Se pasaron todo el día siguiente reforzando las fortificaciones del campamento principal de la legión y construyendo toda una serie de puestos de avanzada al norte, dominando el Támesis, y al oeste, para protegerse de las incursiones por parte de los Durotriges. La mañana siguiente a su llegada, un grupo de jinetes que provenía de la dirección en la que se encontraba Calleva se aproximó al campamento. Al instante se convocó a la cohorte de guardia en las defensas, y se hizo llegar al legado la noticia de los jinetes. Vespasiano acudió a toda prisa a la torre de guardia y, con la respiración agitada después de trepar por la escalera, dirigió la mirada ladera abajo. La pequeña columna de jinetes trotaba con toda tranquilidad hacia la puerta y justo detrás de la cabeza de la columna ondeaban un par de estandartes, en uno de ellos aparecía la serpiente britana Y el otro llevaba la insignia de un destacamento de vexilarios Romanos de la vigésima legión.

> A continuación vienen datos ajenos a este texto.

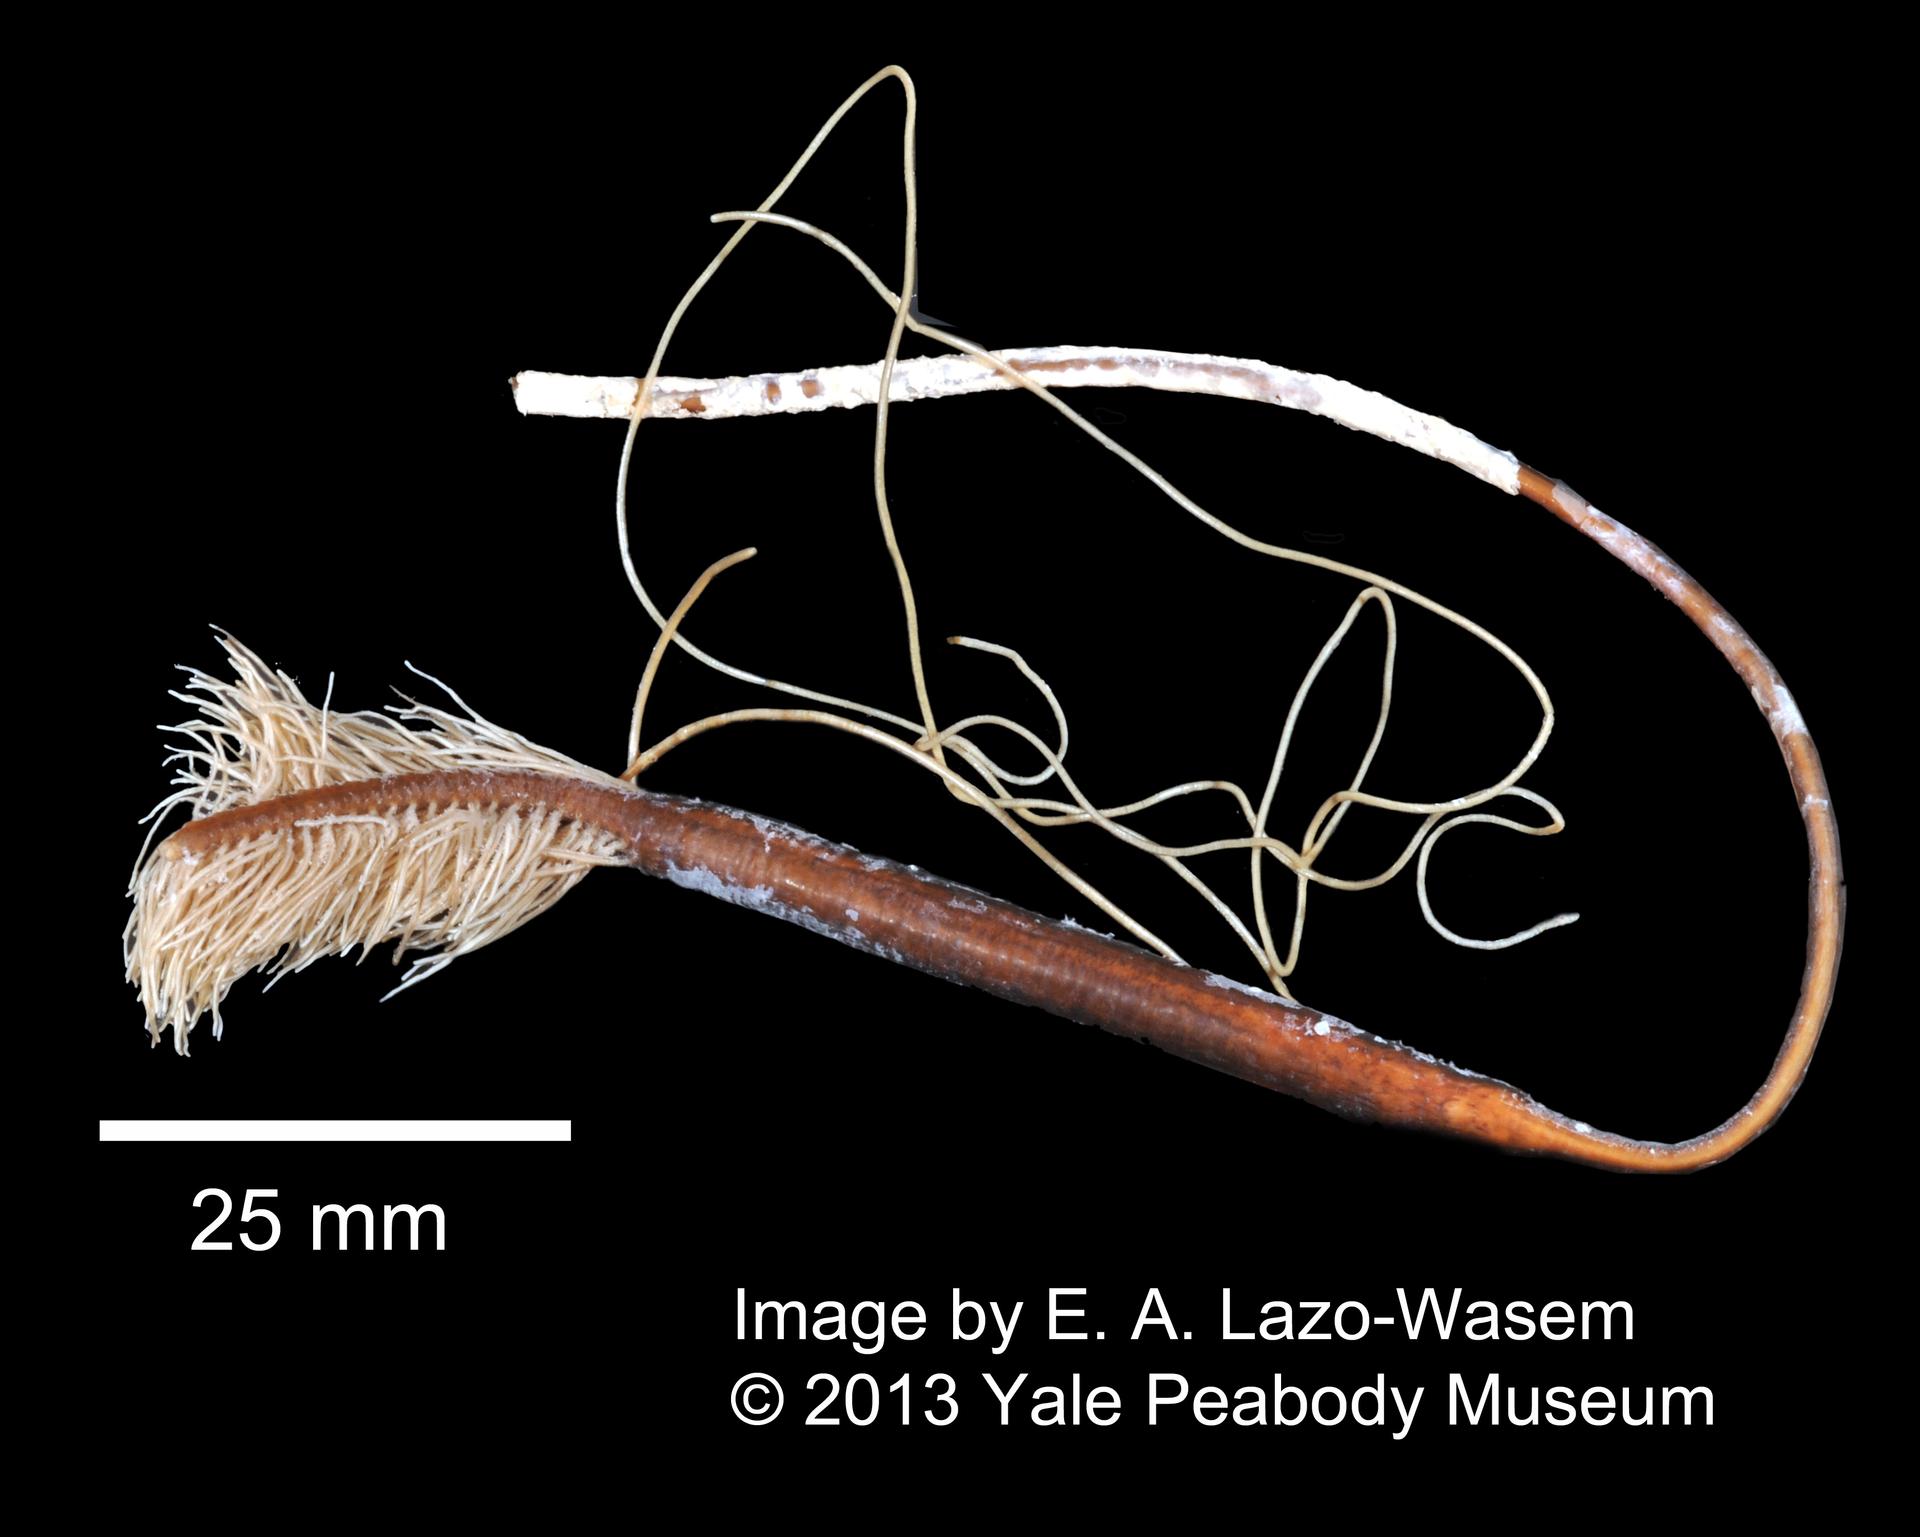 To Yale Peabody Museum of Natural History (YPM IZ 030291)

Un crujido en la escalera anunció la llegada del tribuno superior de la legión. Hacía poco que Cayo Plinio había sido designado para el cargo en sustitución de Lucio Vitelio, que en aquellos momentos ya se encontraba de camino a Roma y hacia una brillante carrera como favorito del emperador.

– ¿Quién es, señor? -Verica, me imagino.

– ¿Y los nuestros? -Su guardia personal. El general Plautio mandó a una cohorte de la vigésima para dar más peso a Verica cuando reclamara el trono. -Vespasiano sonrió-. Por si acaso los atrebates decidían que serían más felices sin su nuevo gobernante. Será mejor que veamos lo que quieren.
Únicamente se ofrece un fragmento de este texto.